I'm not sure exactly how to best implement this, but I imagine something like having a trait

pub trait SbbfBuilder {
    fn insert<T: AsBytes + ?Sized>(&mut self, value: &T);
    fn build(self) -> Sbbf;
}

allowing a Box<dyn SbbfBuilder> to be set on ColumnProperties and changing the bloom_filter: Option<Sbbf> in ColumnValueEncoderImpl and ByteArrayEncoder to instead be a Option<Box<dyn SbbfBuilder>> would work.

tustvold commented 8 months ago

I'm not sure such an approach is compatible with the parquet specification. Have you considered computing bloom filters separately and storing them as part of your catalog, instead of in the parquet files themselves? This would also let you use more sophisticated bloom filters than supported by parquet.

tjwilson90 commented 8 months ago

Do you know where this is specified? In my reading of https://github.com/apache/parquet-format/blob/master/BloomFilter.md I don't see any description of what the bloom filters are supposed to contain.

I certainly could write bloom filters externally, it's just less convenient since 1) it adds extra files that I need to maintain / are consistent, and 2) generating it would require either an extra read through a parquet file after writing it, or foregoing the higher level utilities like ArrowWriter that control how column chunks are sized.

tustvold commented 8 months ago

Do you know where this is specified

The Bloomfilter specification is here.

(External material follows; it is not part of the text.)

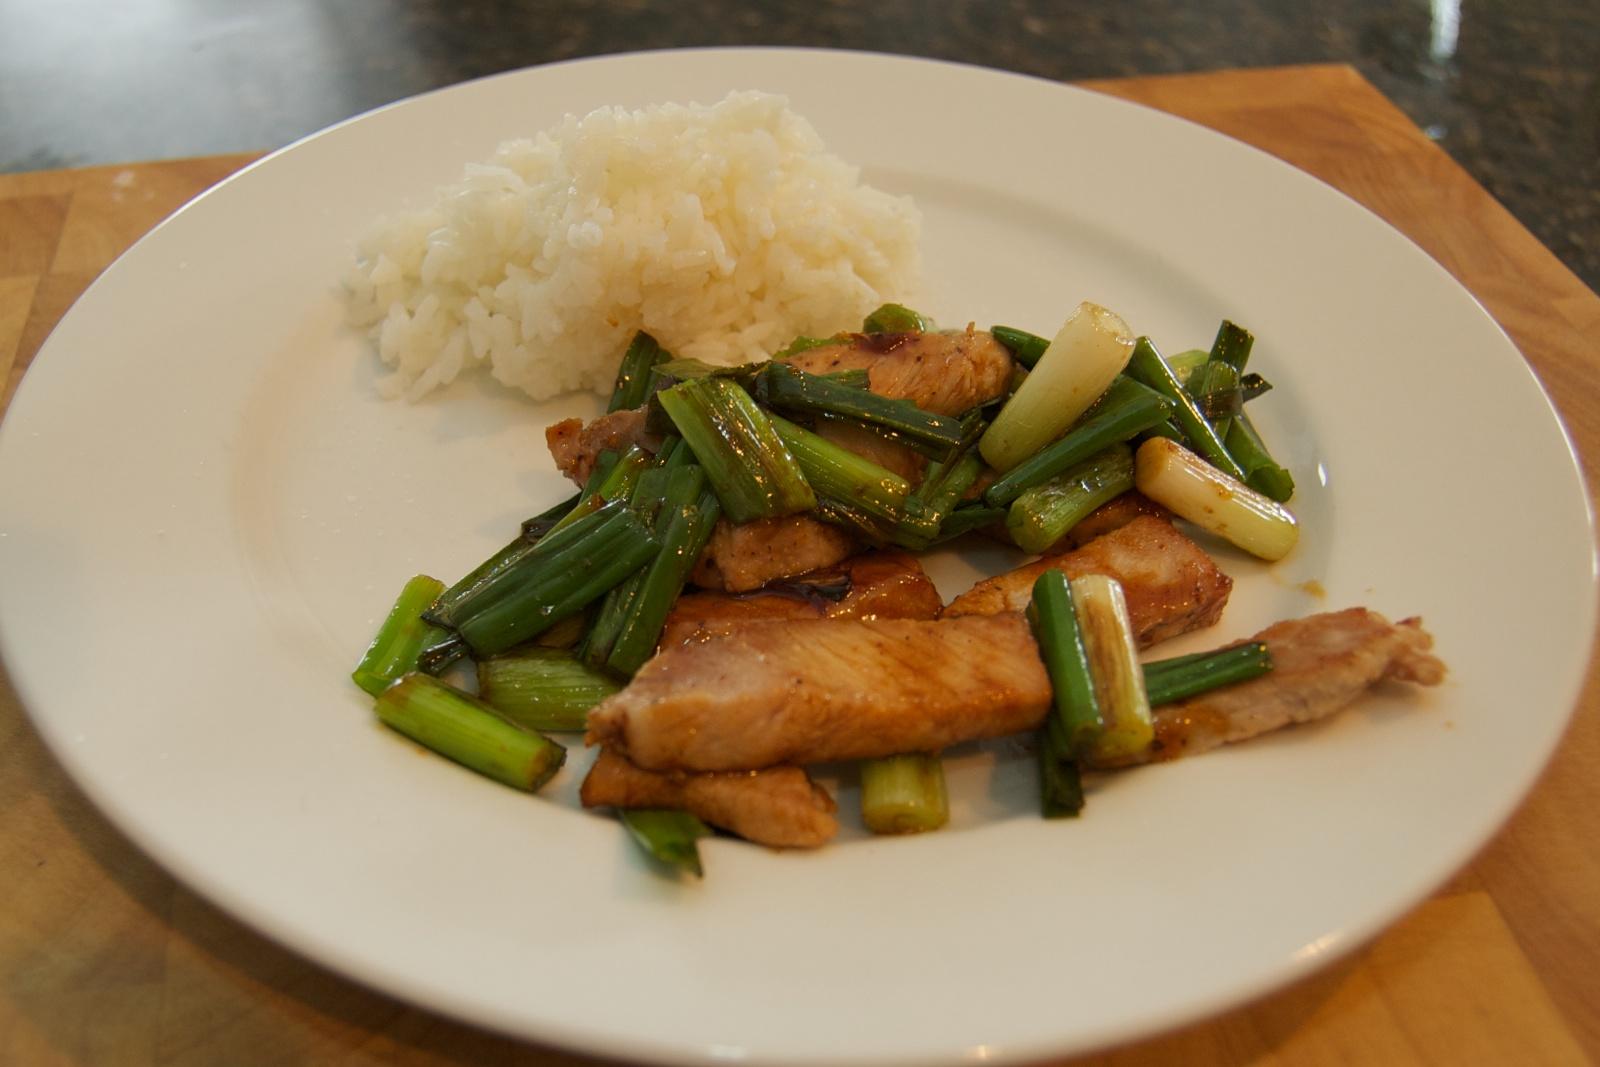 http://blog.rickk.com/food/2010/10/29/ate.20101029.l.jpg

As you note it never explicitly states what the BloomFilter contains, however, it does state:

In their current format, column statistics and dictionaries can be used for predicate pushdown. Statistics include minimum and maximum value, which can be used to filter out values not in the range. Dictionaries are more specific, and readers can filter out values that are between min and max but not in the dictionary. However, when there are too many distinct values, writers sometimes choose not to add dictionaries because of the extra space they occupy. This leaves columns with large cardinalities and widely separated min and max without support for predicate pushdown.

The implication being that the bloom filter contains the same value data as is used in statistics and dictionaries.

This is also borne out by the implementation in parquet-mr - https://github.com/apache/parquet-mr/blob/452c94d20abda0a83101d00f3b697e110d744942/parquet-column/src/main/java/org/apache/parquet/column/impl/ColumnWriterBase.java#L210

That being said as BloomFilters approximate a set you could conceivably include ngrams in addition, but this will necessarily increase the false positive rate for a given filter size.